If you don’t follow my other blog, you may not have read about the recent loss of my best friend, Chester.
That’s my boy. And I miss him so much.
Two days after his passing, I went on Automattic’s annual Grand Meetup – this year it was in Park City, Utah. And I nearly didn’t attend due to my crushing depression. My husband had to really convince me to go.
It took me nearly an entire day to pack for the week long trip which would normally take me less than an hour. I also packed a checked bag instead of my normal carry-on because I didn’t want to think about what I would need that week and just threw things into the bag. I didn’t want to go, so packing wasn’t important.
Then I had to put my emotions and feelings on hold for a week while I was at the meetup.

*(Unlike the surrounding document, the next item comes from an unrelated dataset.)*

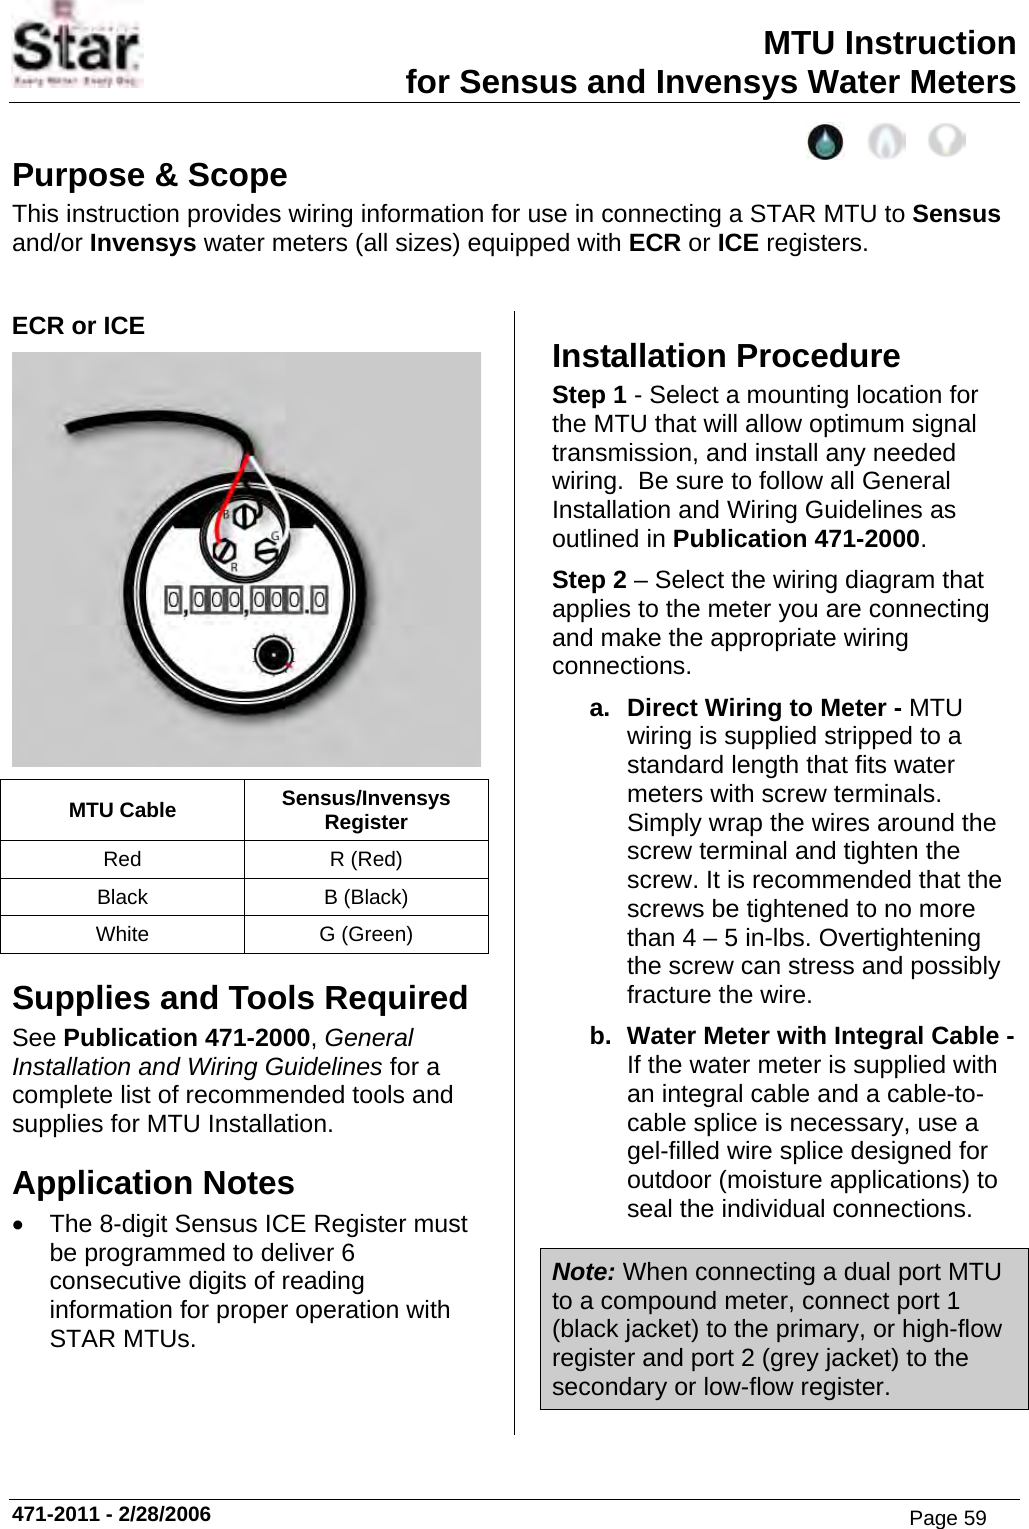 MTU Instruction for Sensus and Invensys Water Meters Purpose &amp; Scope This instruction provides wiring information for use in connecting a STAR MTU to Sensus and/or Invensys water meters (all sizes) equipped with ECR or ICE registers.  ECR or ICE  MTU Cable  Sensus/Invensys Register Red R (Red) Black B (Black) White G (Green) Supplies and Tools Required See Publication 471-2000, General Installation and Wiring Guidelines for a complete list of recommended tools and supplies for MTU Installation. Application Notes •  The 8-digit Sensus ICE Register must be programmed to deliver 6 consecutive digits of reading information for proper operation with STAR MTUs. Installation Procedure Step 1 - Select a mounting location for the MTU that will allow optimum signal transmission, and install any needed wiring.  Be sure to follow all General Installation and Wiring Guidelines as outlined in Publication 471-2000. Step 2 – Select the wiring diagram that applies to the meter you are connecting and make the appropriate wiring connections. a.  Direct Wiring to Meter - MTU wiring is supplied stripped to a standard length that fits water meters with screw terminals. Simply wrap the wires around the screw terminal and tighten the screw. It is recommended that the screws be tightened to no more than 4 – 5 in-lbs. Overtightening the screw can stress and possibly fracture the wire. b.  Water Meter with Integral Cable - If the water meter is supplied with an integral cable and a cable-to-cable splice is necessary, use a gel-filled wire splice designed for outdoor (moisture applications) to seal the individual connections. Note: When connecting a dual port MTU to a compound meter, connect port 1 (black jacket) to the primary, or high-flow register and port 2 (grey jacket) to the secondary or low-flow register. 471-2011 - 2/28/2006 Page 59
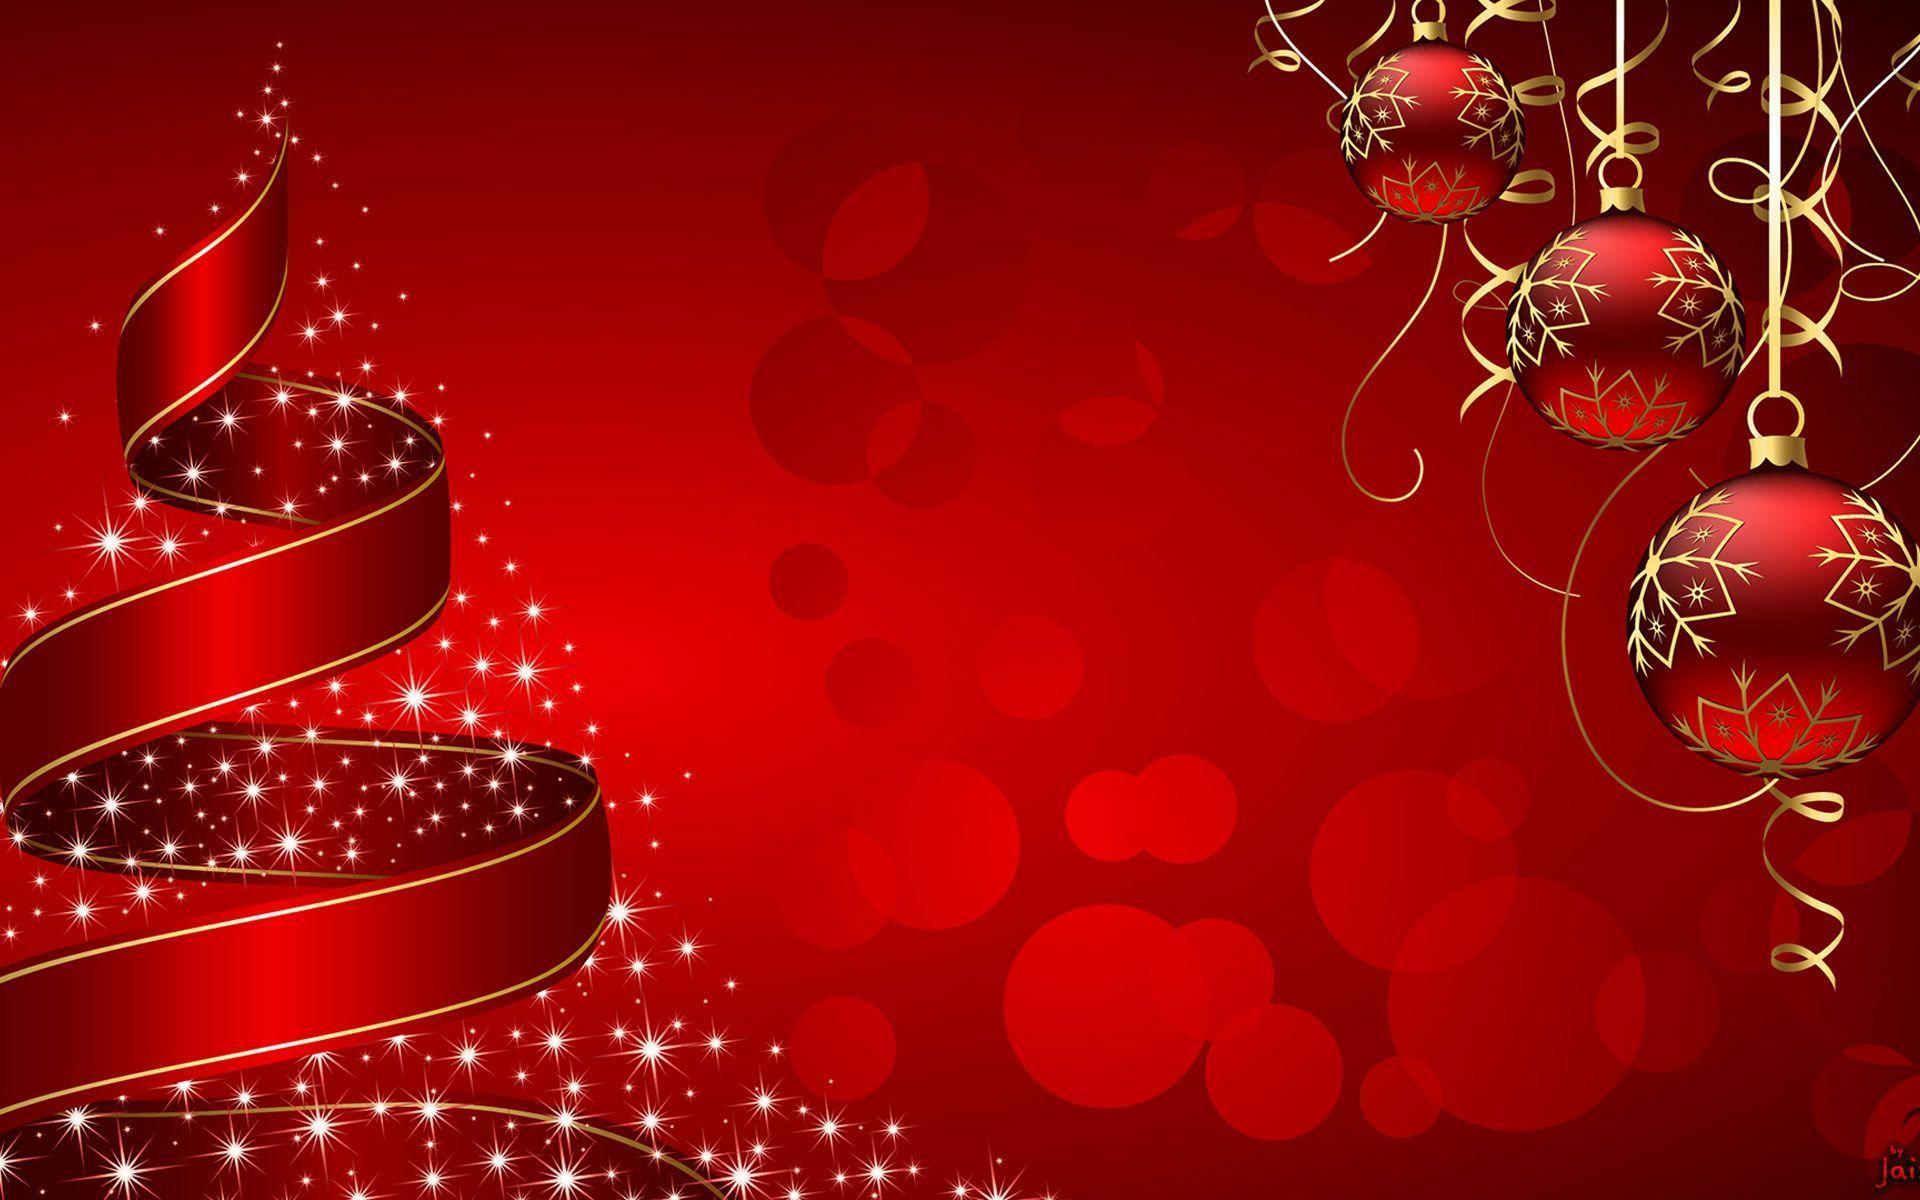 Christmas Tree Wallpapers Free - Wallpaper Cave

Except everything wasn’t ok. I felt hollow and dead inside. I didn’t actively think about my grief while I was there, but I definitely felt affected by it. I didn’t find as much joy as I normally would when being around my awesome coworkers. I found myself being a bit more cynical and snarky than usual. I wanted to dive into projects and seminars about leadership and how to make awesome products and self-improvement and fun activities, but it was all tinged with a dark cloud of sadness sitting on the edges of my consciousness.
I felt the need to be alone more often. While I enjoy having my own room/space at these meetups (mainly because I don’t have to worry about stray clothing or shutting the bathroom door when I use it), I typically don’t need to hide from the social activity. However, I found myself needing to so I could let my guard down for a while. I had one moment in my group learnup where I was asked if I had kids, and I said “nope, I have three kitties….er…I mean two…” then got too choked up to continue.
I feel bad putting on a mask of “everything’s ok” to my coworkers, because had they known how sad and broken I felt on the inside, I would have gotten nothing but support. I also would have cried most of the week, so I’m pretty sure bringing everyone down would not have been the best thing nor fair to everyone who had looked forward to our week together.
The last day and a half of the meetup, I got the cold/flu that had been making the rounds. Typically it’s due to overindulgence/not getting enough sleep that gets you sick at a meetup – but I know it was from my depressed state that left me open to the bug. I missed the grand ending party of the meetup – which was a blessing in disguise, I suppose. I didn’t feel like celebrating.
Once I got home, the little ghosts of Chester’s memory around the apartment started my grief afresh – like it was only less than three days after I lost him rather than 10 days later. I had put my grief and feelings on hold and now I was back to being anguished over the loss. I slept nearly all day the past three days getting over the illness – but it was a depression-fueled sleep. Without the depression, it probably would have only taken a day of rest/fluids to get over it.
Then yesterday, we went to pick up his ashes from the vet which cued up another evening of crying for me.
I’m also eating terribly (thanks Moose) and not exercising. Today, however, I’m going to make myself go out for a run (or a run/walk since I’m so out of shape), rain or no rain. Hell, the rain may make me feel better, somehow.
Tonight, we’re picking up a good friend from Minneapolis at the airport and he’ll be here all weekend – looking forward to that, actually. A bright spot in my week. Lawd knows I need one of those.
I’m writing this down to get it out of my head…to share with the three people that read this blog how I’m feeling. Why I don’t seem myself lately. Why it seems like I just don’t care about anything. Because right now, it’s hard to think of anything else.
I know the pain will subside over time. It just seems so far away right now.